The U.S. has been sending athletes to the Olympics since 1896, and on several occasions, global and domestic politics overshadowed the sporting side of the Games. This year’s Winter Olympics hosted by the People’s Republic of China in Beijing will be another such occasion. The U.S., Great Britain, Australia, Canada, New Zealand, Denmark, the Netherlands, Belgium, Lithuania, Estonia, Kosovo, and India are undertaking a diplomatic boycott of the Games in which athletes will participate but no dignitaries associated with those governments will attend due to the human rights abuses of the Chinese Communist Party (CCP).
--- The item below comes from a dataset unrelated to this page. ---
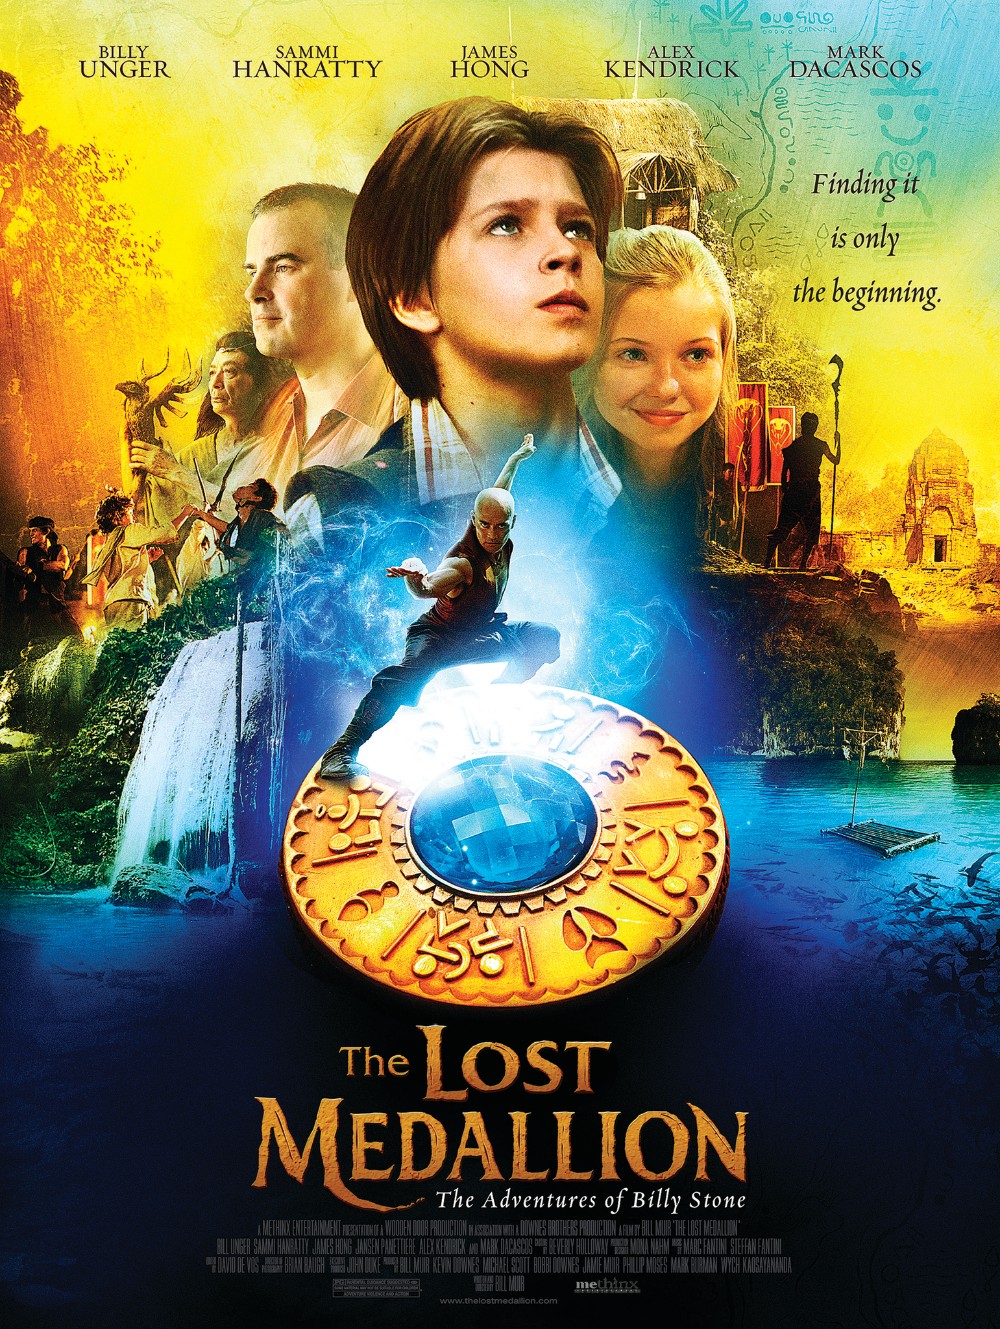 The Lost Medallion The Adventures Of Billy Stone (2013) [720p] WEBRip (x264) Efc2926a7fa98dd3a80222021b4258ce

The boycotts have been prompted China’s ongoing genocide and crimes against humanity targeting Uyghur Muslims and other ethnic minorities in Xinjiang, where a million Uyghurs have been detained in concentration and work camps. There they have been subjected to forced labor, systemic rape, compulsory abortions, sterilization, in addition to undergoing indoctrination with communist propaganda. Outside the camps, Uyghurs are subject to mass surveillance and restriction of their movements.
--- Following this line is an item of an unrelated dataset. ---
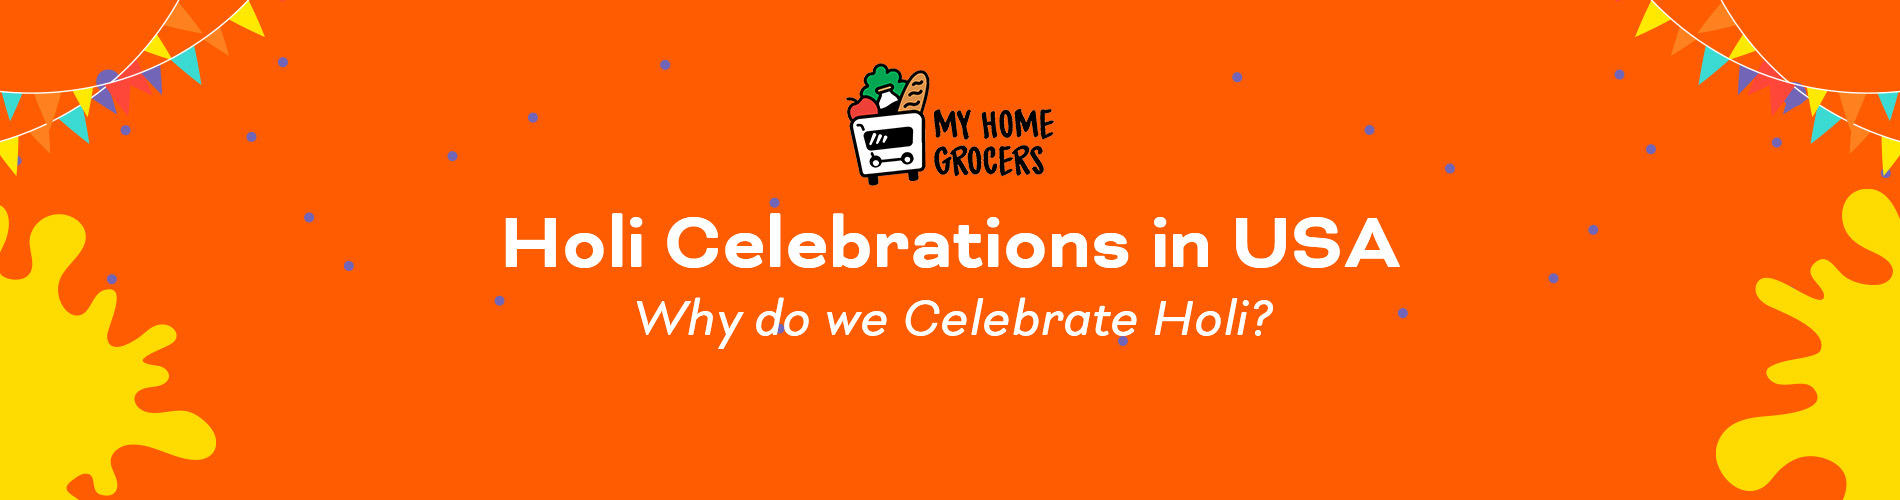 Holi Celebrations in USA | Why do we Celebrate Holi

Aside from China’s treatment of the Uyghurs, a number of other issues between the PRC and the West are simmering while athletes are competing. The CCP quashed democracy in Hong Kong; is attempting to coerce the nation of Taiwan, and has been belligerent toward India and countries in the South China Sea. China also continues its suppression of a free press and its pervasive surveillance has prompted warnings that athletes should use “burner” phones and rental computers and refrain from speaking out against the CCP while they’re in the country. Further, the Games are being held amid the ongoing COVID-19 pandemic, which originated in Wuhan, China, where the CCP has obstructed international efforts to investigate the origin of the virus.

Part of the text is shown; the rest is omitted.